■ TASK ITEM: Your answer should consist only of the lines below from the one with "Mahi-mahi with Flying" through the one with "CUERDA P/GUITARRA ELECTRICA/ACUSTICA", copied exactly.

■ GIVEN DATA:

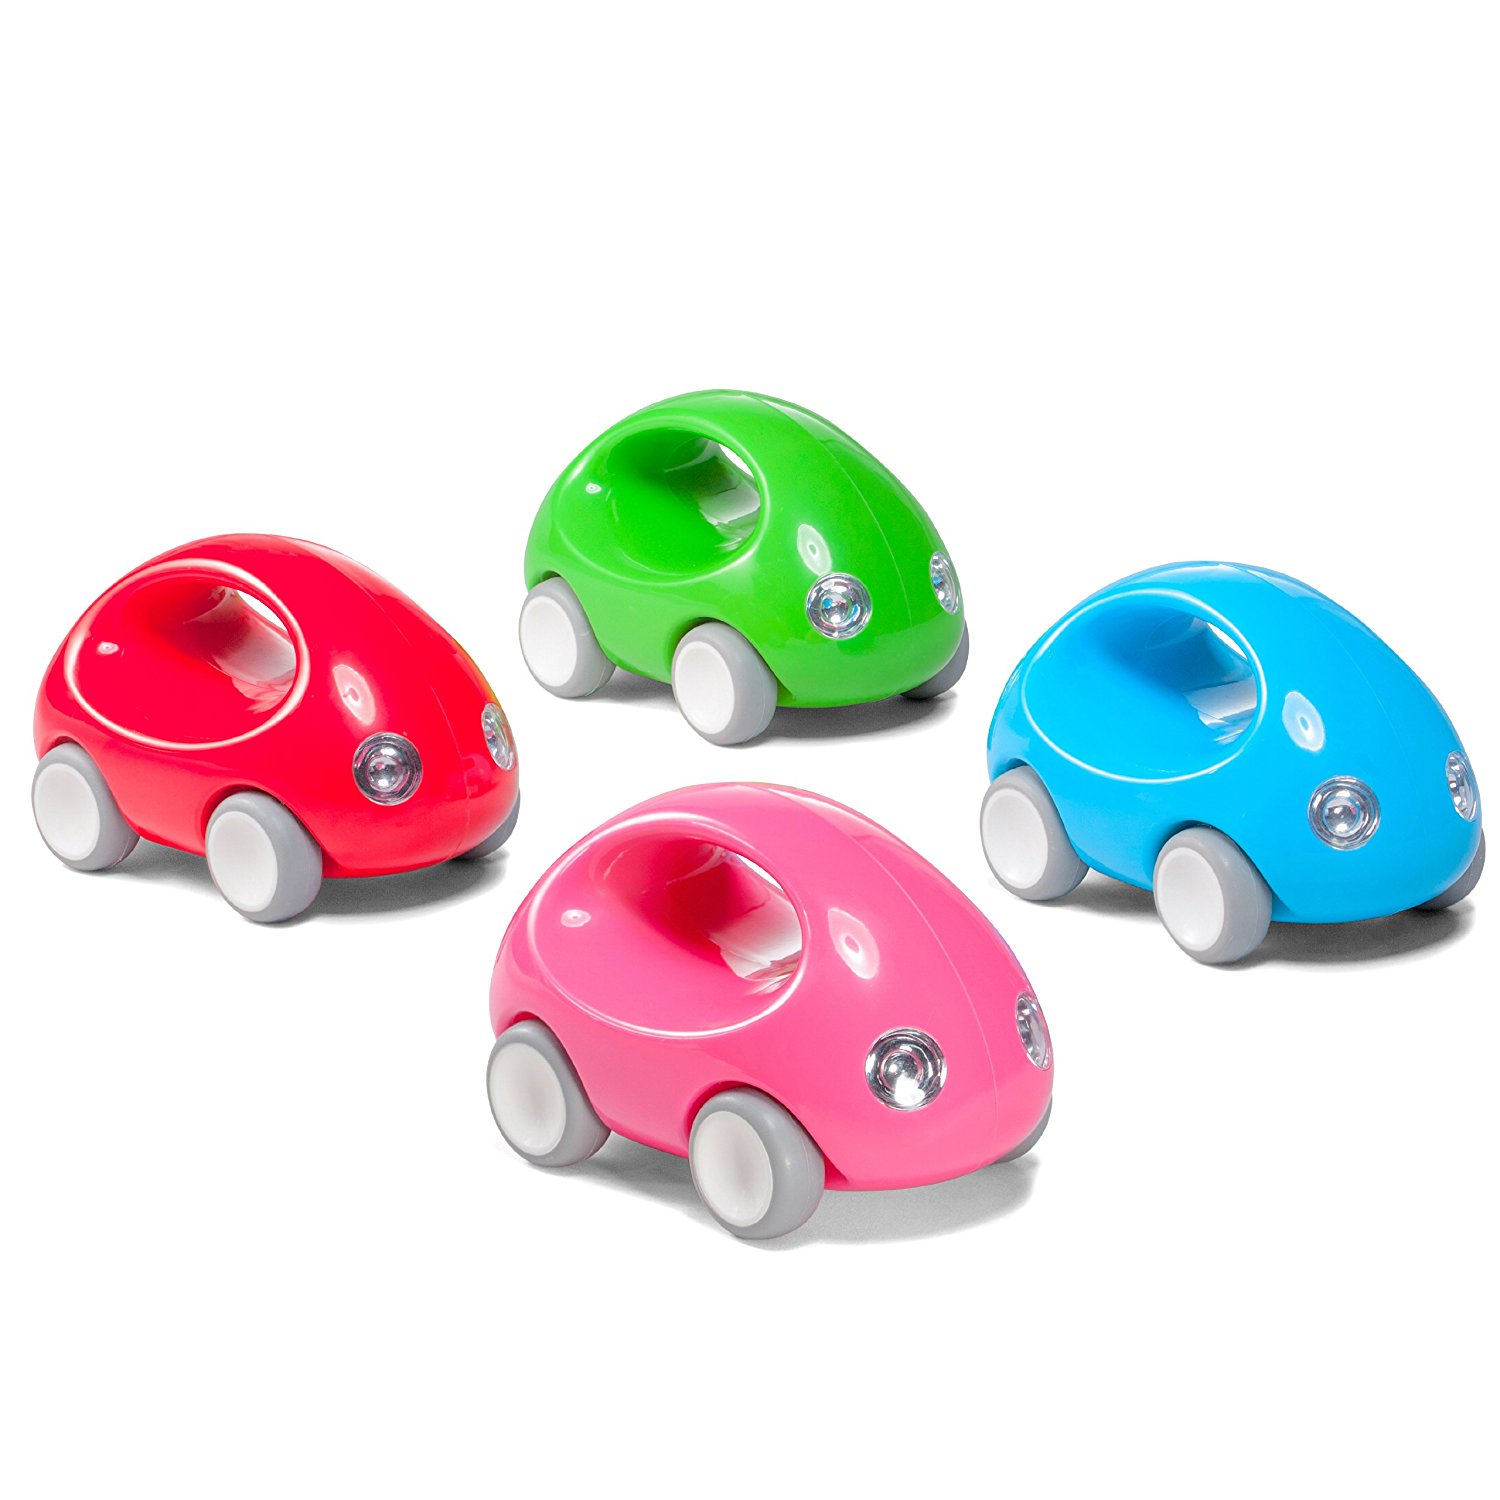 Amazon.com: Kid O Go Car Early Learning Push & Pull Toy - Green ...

* * *

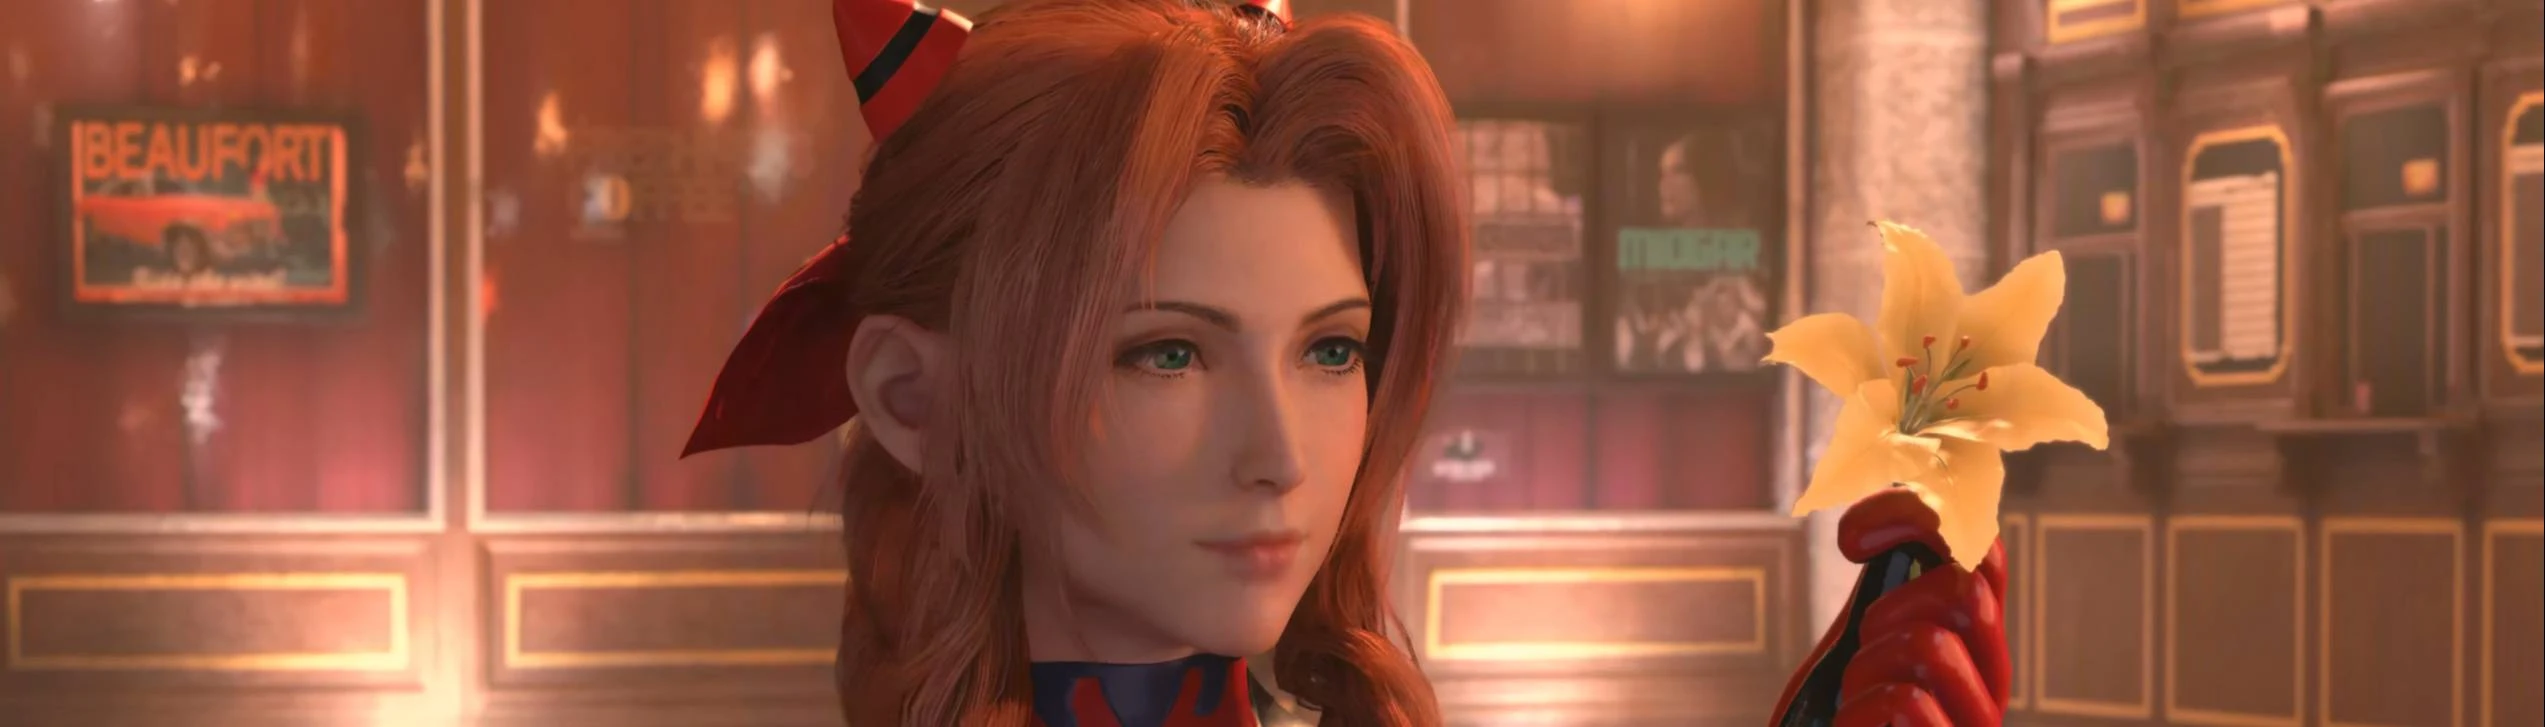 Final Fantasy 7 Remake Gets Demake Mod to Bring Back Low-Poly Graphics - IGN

...

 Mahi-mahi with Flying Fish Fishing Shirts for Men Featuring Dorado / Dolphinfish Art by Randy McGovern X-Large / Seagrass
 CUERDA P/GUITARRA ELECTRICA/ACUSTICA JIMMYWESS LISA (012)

■ OUTPUT OF THE TASK:
 Mahi-mahi with Flying Fish Fishing Shirts for Men Featuring Dorado / Dolphinfish Art by Randy McGovern X-Large / Seagrass
 CUERDA P/GUITARRA ELECTRICA/ACUSTICA JIMMYWESS LISA (012)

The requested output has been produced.